Absinthe is also reporting a 'come-back' in fin-de-siecle San Francisco where one online writer Stuart Mangrum (1999) reports it is the drink of the fashionable hipster. Websites have sprung up, maintained by eager amateurs, historians and companies who legally sell absinthe. Yet a cautionary tale exists; while tobacco continues its slow descent into social purgatory, drinks like absinthe (with its original wormwood content and thujone) are now marketed in Britain. Never banned in that country the late 90s have seen the reintroduction of a drink containing a neurotoxin. Reflecting on the 1922 letter to the British Medical Journal questioning the acceptance of harmful substances like alcohol it appears little has changed as we approach a new century. The call for harsher penalties and greater drug control remain a political issue with little if anything being learnt from historical instances of drug use and abuse. Demonisation is about political expedience not about public health. As William F. Buckley notes: " …the cost of the drugs war is many times more painful …" (Kuhn, Swartzwelder, Wilson 1998:265).

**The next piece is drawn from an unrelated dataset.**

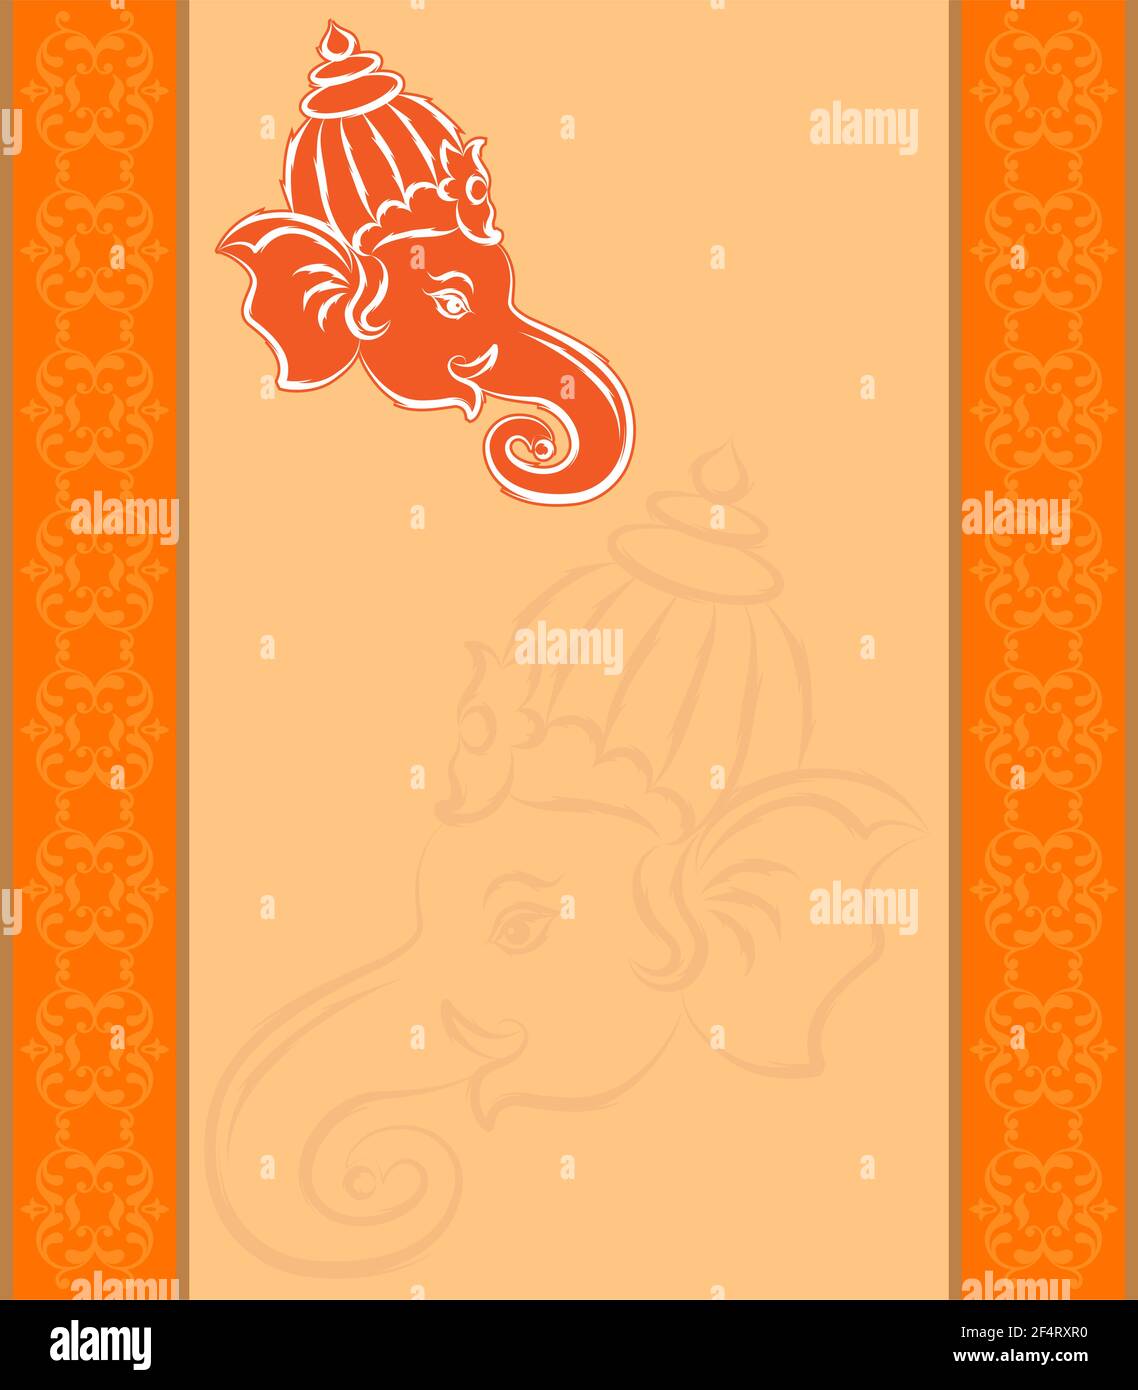 Ganesha The Lord Of Wisdom Design Vector Art Illustration Stock Vector  Image & Art - Alamy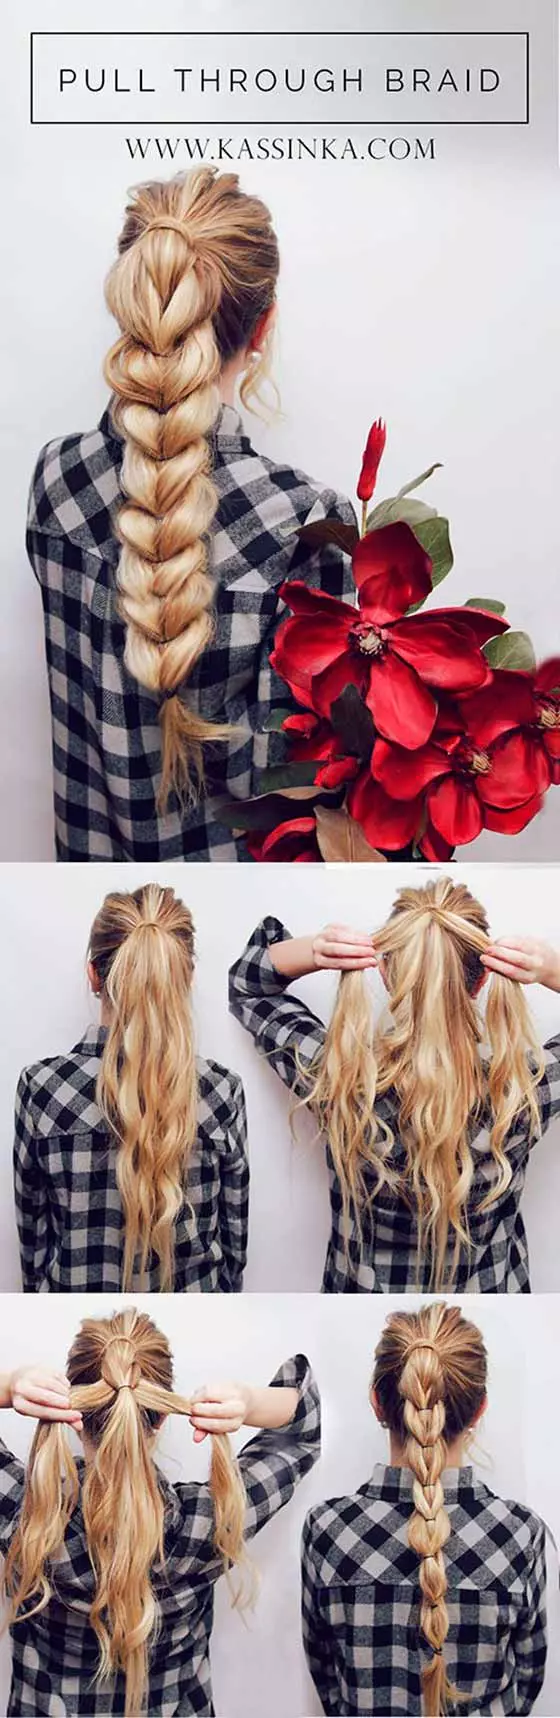 Pull-through braided hairstyle for long hair

While human kind’s need to achieve altered states might be innate we have to ask at what cost? Greater control seems to create a greater need. While reviewing online contemporary information on absinthe and LSD it appeared that what truly needed to be satisfied was a desire for knowledge. Of course knowledge will not save every individual set on a course of self awareness or self destruction. While we can argue that it is better to experiment with all the facts than as some poor individual who in his absinthe quest over dosed on oil of wormwood, there is a necessity for regulation (Taggart 1998). Peace and love did not exist for everyone in the 60s and misuse was not the sole realm of the user as we have seen. The fault lies in creating this regulation through moral panic and turning young experimenters into felons (Chayet 1967).
Education can provide educated decisions on whether or not to use a particular drug but we also need to examine what is it within human psychology and biology that calls for escape. What are our deeper cravings? (Lewin 1998:10-18). The great 19th century poet Charles Baudelaire understood the self-destruction drugs could bring. He realised too late himself that drugs and alcohol debased reality:
It is typical of modern man that he should accept this illusion, this stage-set paradise, as an adequate substitute for the real thing. Rather than devote himself to the long and difficult process of developing his spirituality, he wants instant results: to gain paradise at a stroke (Conrad 16).